The most challenging testing areas in personal activity monitoring (PA) are activity type identification and severity prediction. Andrea et al. [27] used a large dataset of raw accelerometer-based activity data from 33 subjects in their study to track 26 daily tasks. In the suggested approach, a support vector machine (SVM) classifier was employed to differentiate individual subject's behaviours. The classifier was reported to be 95% accurate in activity detection when sensors were placed on the ankles, but only 84.2% accurate when sensors were placed on the wrist. The activities were largely based on raw data, which indicated a variance in acceleration for different activity groups. Furthermore, the proposed technique stated 4 s latency times on mobile devices. Another study [28] employed chest-worn inertial measurement unit (IMU) sensors to investigate several participants’ exercise and activity behaviour. In this study, 10 people were monitored for 55 different workout kinds in order to identify activity. On a high-performance computer, the suggested CNN model achieved an average accuracy of 89.9% and a quick convergence time of 39.74 μs.

In [29], an activity detection model based on raw accelerometer data was presented. The researchers gathered large datasets of accelerometer data from 10 patients who wore wrist-worn MEMS sensors for 30 days. The suggested model quantifies the activity of daily living (ADL) index using a condensed computational technique. Although it was stated that the suggested method identified all activity categories, no performance measurements in terms of accuracy or convergence times were provided. To cluster patient data from the critical care unit, Sookyung et al. [30] used an unsupervised machine learning method based on the K-Means algorithm. In this context, nine exploratory clinical datasets totaling 1503 observations were investigated. Based on clinical data comparisons, the suggested model contained three clusters that classified nine characteristics. This feature set was used to create patient treatment programmes. The suggested model, on the other hand, merely created clusters based on the features given and did not indicate the model performance measures.

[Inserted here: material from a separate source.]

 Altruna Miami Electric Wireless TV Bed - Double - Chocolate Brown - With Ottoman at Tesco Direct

On the other hand, SURF is an adaptive unsupervised lightweight machine learning algorithm designed to reduce the workload of wearable devices. The proposed technique utilized growing neural gas networks (GnG) to observe the recorded electrocardiogram (ECG) patterns for compression and size reduction. This ensured a shorter ECG transmission size, that helped to conserve wearable device energy with shorter and effective transmissions. In addition, the algorithm also reduced the dictionary size of the signal, achieving compression ratios of 90%, allowing energy savings by sending a smaller dataset for more processing [31]. Rashidy et al. [32] suggested an end-to-end CNN-based framework for COVID-19 virus identification and control. In this regard, a dataset containing chest x-ray records of 622 subjects were used to train the CNN model. The suggested system consists of three layers, with the first layer performing real-time data acquisition, which is later analyzed in the cloud. The proposed technique reported a 97.95% classification accuracy, along with 98.85% of average specificity for all COVID-19 positive cases.

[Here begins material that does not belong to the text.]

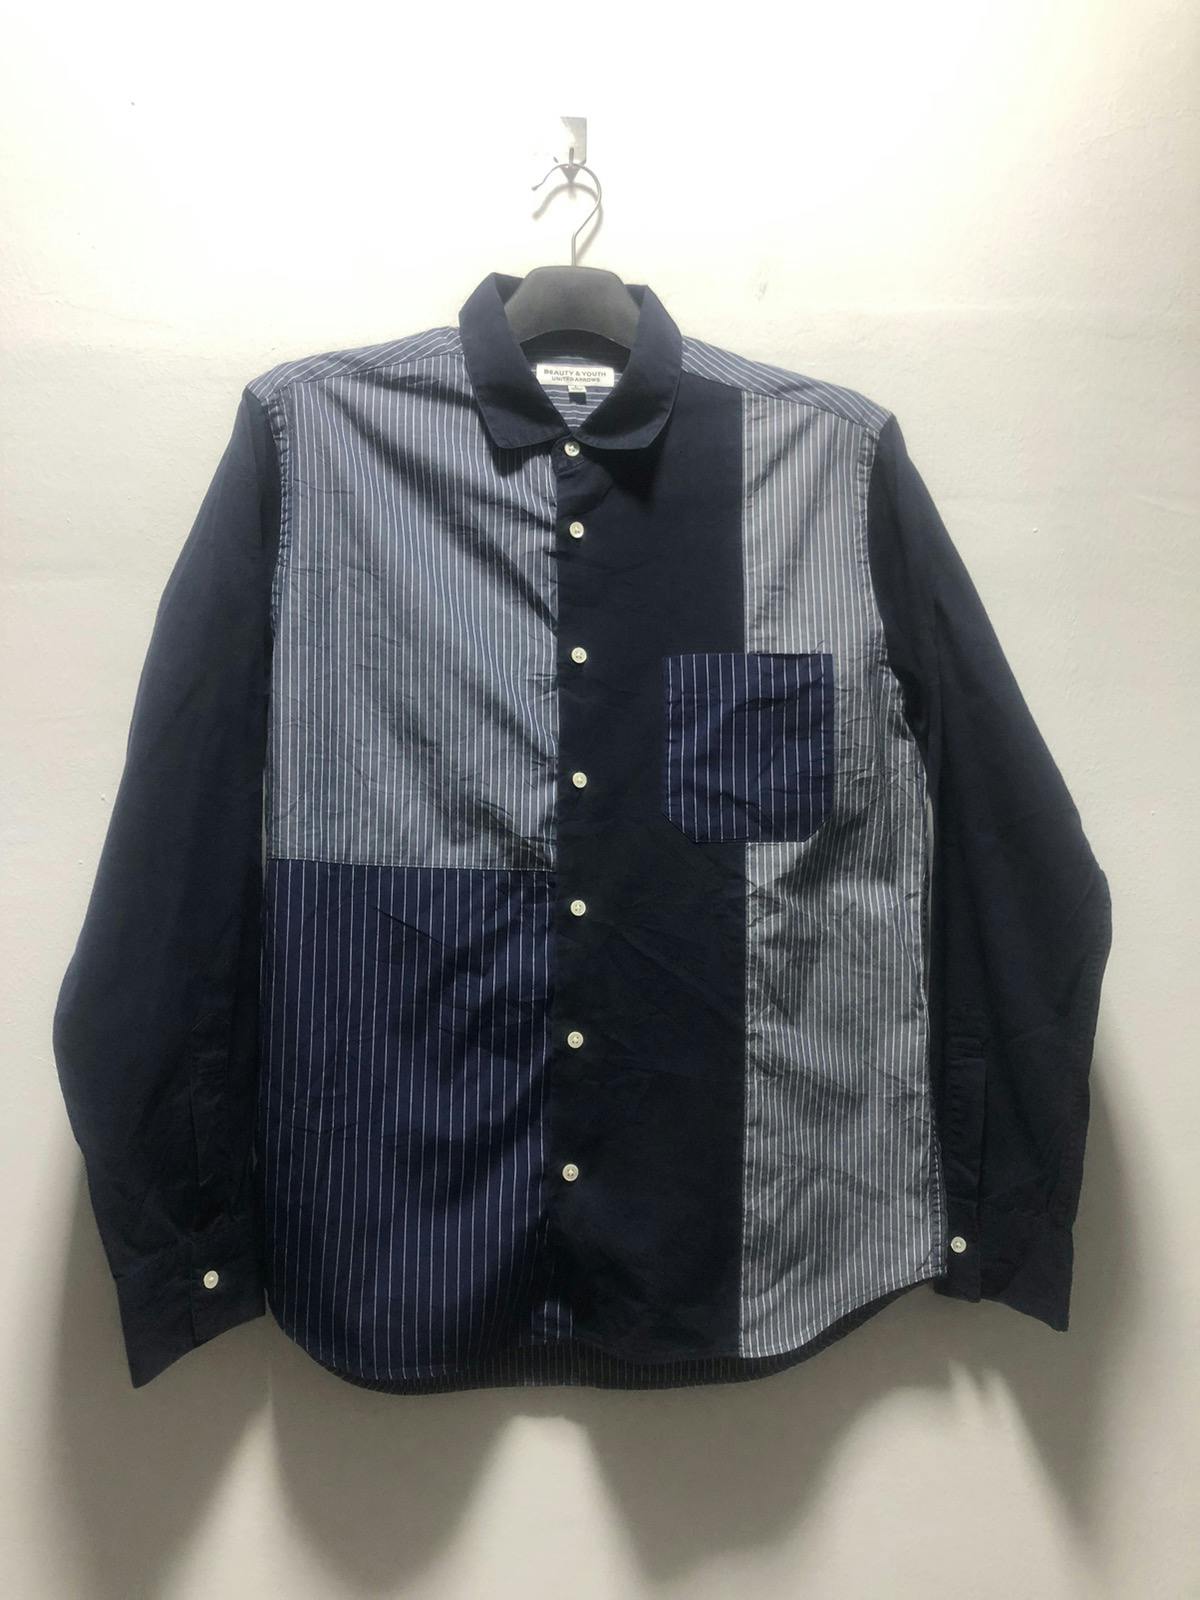 BEAUTY & YOUTH Shirt UNITED ARROWS Patch - 1

Farzad et al. [33] have proposed a hybrid technique for identifying log messages in which the isolation forest algorithm filters and predicts positive samples from the dataset. Autoencoder networks are used to extract features and train the model to identify abnormalities. BlueGene/L and OpenStack datasets with 4,399,502 and 137,074 samples, respectively, were used by the researchers. The suggested approach is an extension of unsupervised learning that relies entirely on positive data for training. The model was reported to have an average accuracy of 88.6%. However, when multi-variate analysis was used, the convergence time increased to 572 s, which may limit their effectiveness in wearable domains. In addition, Milos et al. [34] examined 4486 post-cardiac surgical patients data for diagnoses and early symptoms warnings. The study extensively investigated medical records for outlier detection using supervised support vector machine (SVM) learning methods yielding a classification accuracy of 66%. However, because of its univariate existence and offline computation, it may not be suitable for scalable complex real-time anomaly detection. Similarly, Shafeiy et al. [35] proposed a two-prongs approach for COVID-19 severity in patients. In this study, 13 non-sever COVID-19 positive patients were studied for disease progression. Initially, quick reduce feature selection (QRFS) technique was employed to classify the distinct features in the dataset. Later, quantum neural networks (QNN) were designed to classify the magnitude of disease spread. The stated results reported an accuracy of 92.33% in all positive test cases. However, the proposed technique is computationally complex and may not scale to the wearable platforms.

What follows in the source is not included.